Adding to that, there were the roads, while the roads themselves were usually well maintained, at least most of the larger ones were, they too were just more space that had been cleared of trees and were usually well traveled.

They had no real order in their placement though, instead they were more reactionary and had been cut out as needed simply to connect one place to another.

This ended up leaving Moreland Forest, the giant expanse of ancient woodlands, with roads cutting through it at seemingly random places.

It provided a way to travel freely from one town to a village but left a lot of the Moreland Forest entirely untouched.

Without any real need to go there, why would a humble villager want to traverse into it's true depths?

It was also less safe the further in you travelled, as the deeper parts of the forest were left unclaimed by any peoples of the world, they were left as wild places.

There were your more mundane animals and beasts through all of the forest but as you went deeper into its depths, you would encounter stranger, more dangerous things.

Even some of the plants were known to be threats to those unfortunate enough to encounter them.

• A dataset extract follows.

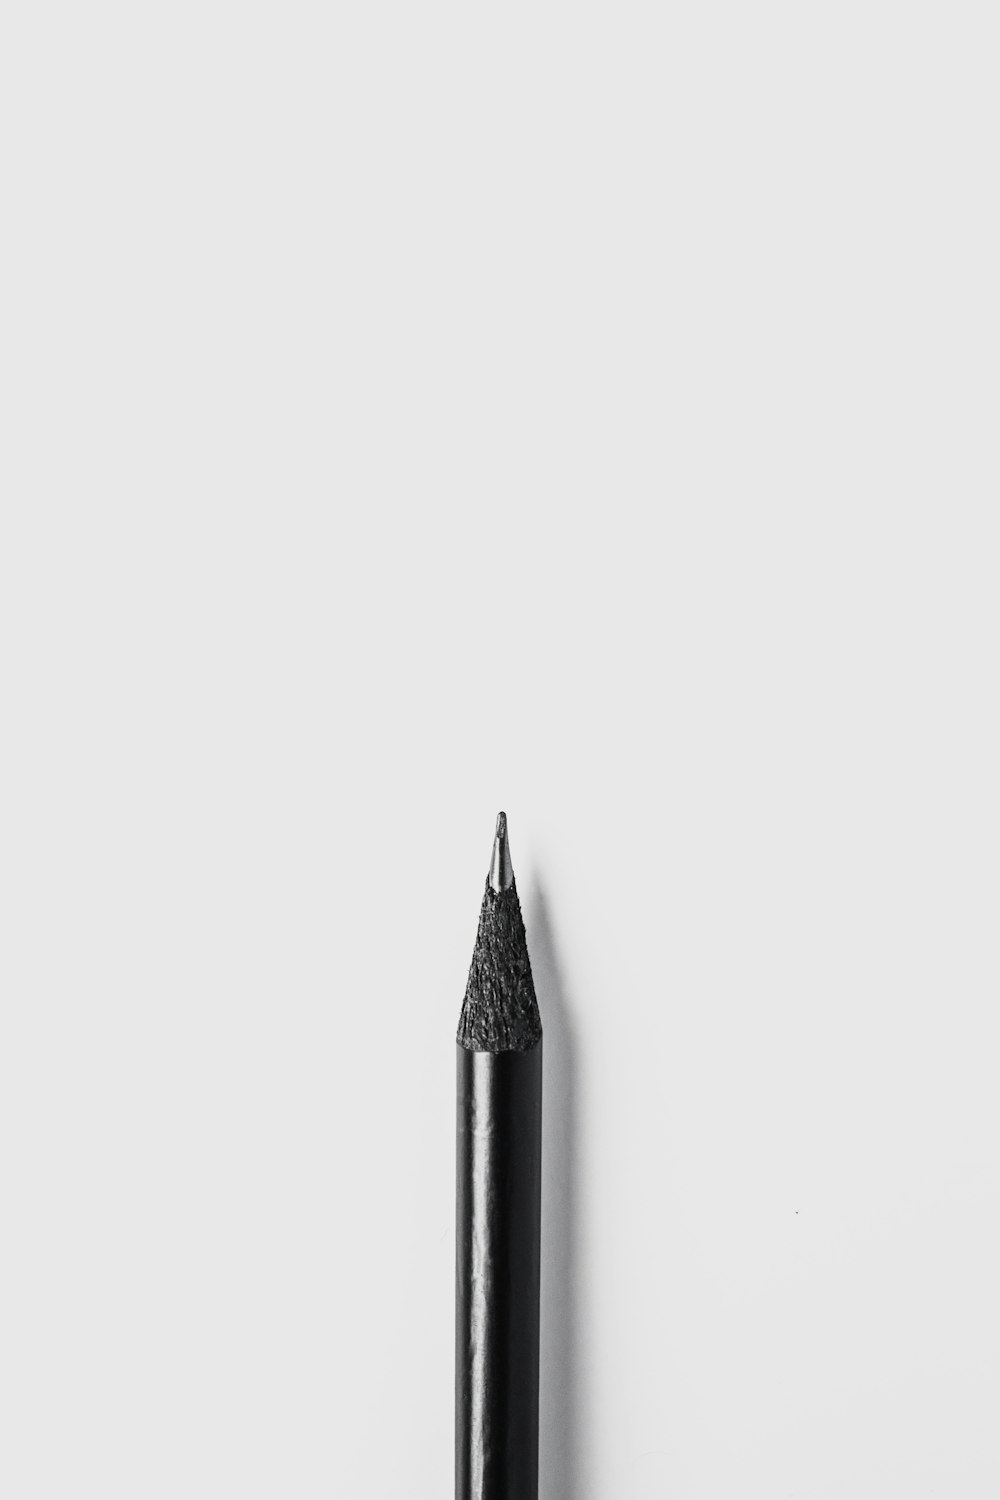 black pencil on white surface

I didn't really expect to find anything I couldn't handle, not being so close to the road as I was, but this magical disturbance was out of the ordinary.

As I wandered in deeper into the dark trees, the spots of emptiness became more common, it was easy to follow them from where ever it was they were coming from.

I was just too curious and wanted to discover the source and so I should have been more prepared than I was.

Instead of stopping to think things through, I pushed on, my boots crunching and rustling as they carried me over the under brush and leaf-litter

It was becoming increasingly difficult to see and so I raised a hand, a small orb of light coalescing to hover over my palm, then with a gesture, I flung it out to hover in the air some distance in front of me.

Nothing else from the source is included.